February 10, 2013

The way camp should be


The Outdoor Education Center attracts fifth-, sixth-, seventh- or eighth-graders as well as some ninth-graders.

“Every once in awhile, we’ll have a college group. They are coming from Montreal, New York City, New Jersey, Connecticut, Quebec City and also a lot of the local towns — Peru, Saranac, AuSable Forks, Keene, Morrisonville and Lake Placid,” DeGroat said.

The center’s tagline is “making learning natural.”

“Our mission statement is to create awe in the presence of nature,” he said.


“Winter programming is basically the same as all our other programming, it’s just colder and with more snow,” DeGroat said. “That’s when we’ll do ice fishing. We’ll do cross-country skiing. We’ll do winter survival where we teach kids how to make survival structures out of snow. Yesterday, we made a quincy (snow shelter). The snow is not bad for making ice blocks right now. So, you could make an igloo if you had a lot of time. We do ice climbing instead of rock climbing in the winter. We spend more evenings inside than outside in the winter months, especially during these temperatures.”

Winter is really a very busy time at Camp Pok-O, the widely used diminutive.

“We also do a Winter Break Camp for local students during their winter break.

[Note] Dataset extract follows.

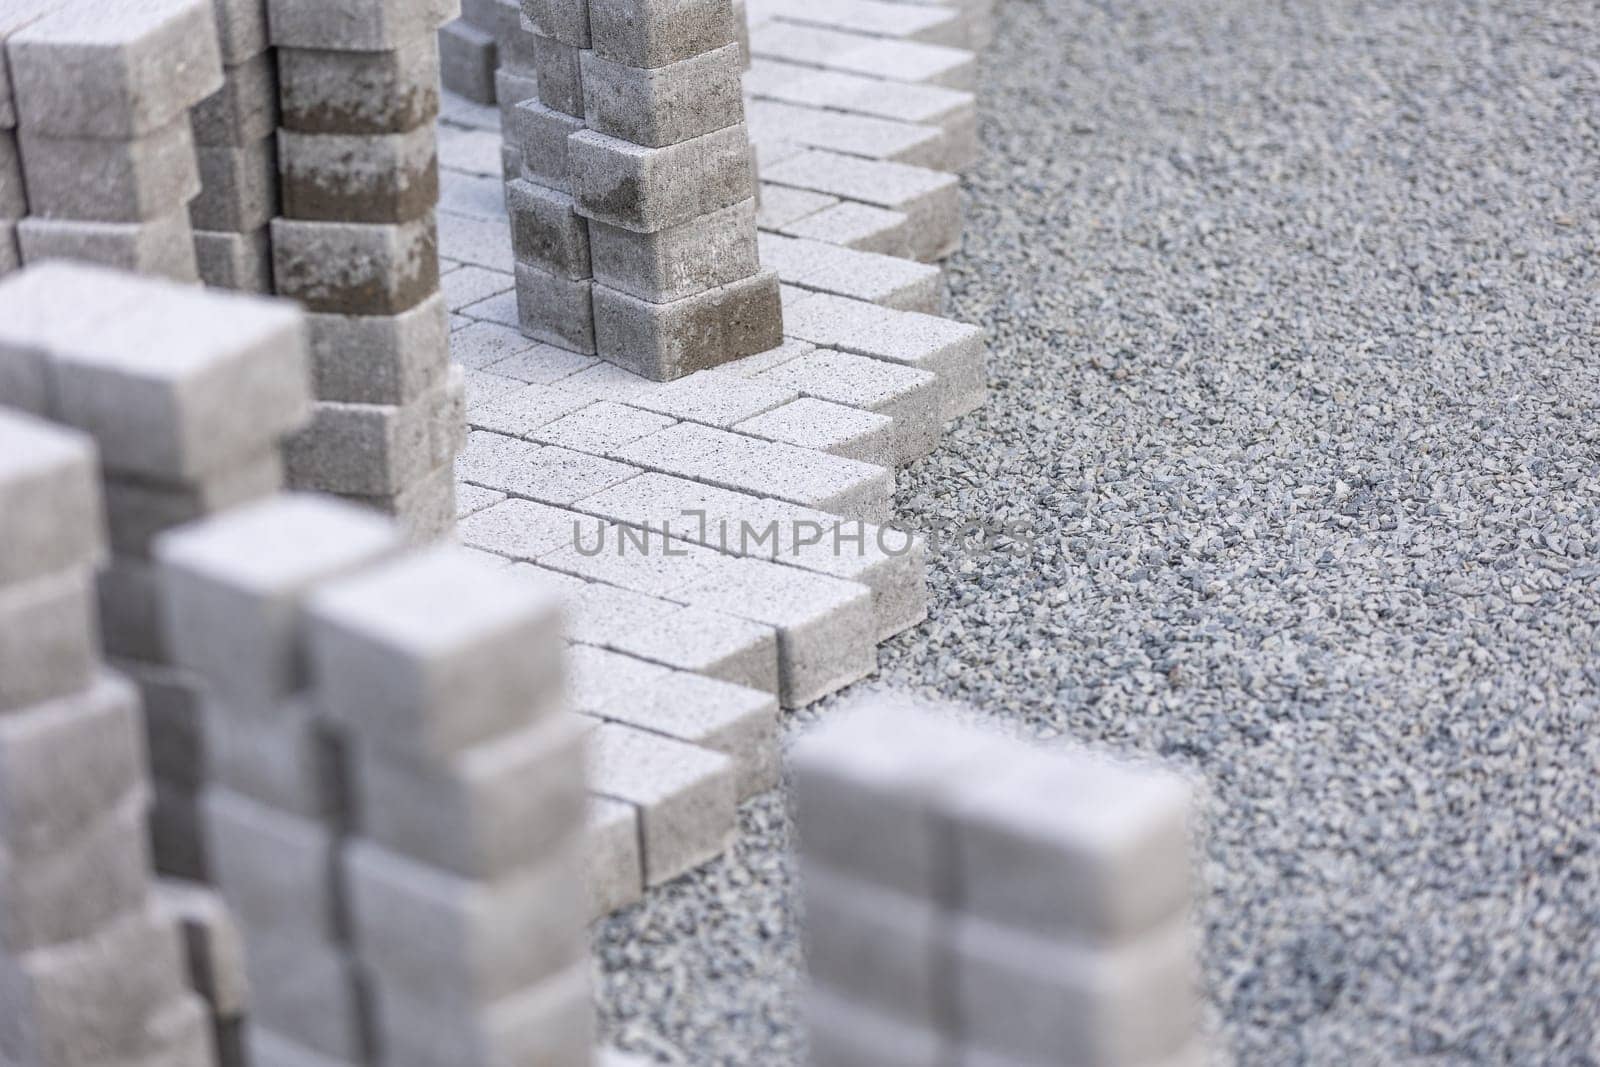 Process of building a new path made from concrete blocks, interlocking pave

So in February (from Feb. 18 to 22), we will have 30 kids from all over Plattsburgh, Peru and Beekmantown coming here, and that’s a day camp,” DeGroat said.


Pok-O is in the midst of its Cabin Fever Lecture Series, a community event.

“Tonight is our second in a four-part series,” DeGroat said. “We have Steve Hall from the Adirondack Wildlife Refuge coming to discuss bears and people in the Adirondacks. Last week, we did a lecture on the history of maple sugaring in the North Country, which was paired up with a maple-syrup seminar that we’ve been putting on ... We’re teaching local people how to get involved with maple sugaring. We feel it’s a very valuable resource that is going untapped literally in New York. We were able to partner with the Wild Center and the Northeast New York Maple Producers Association.”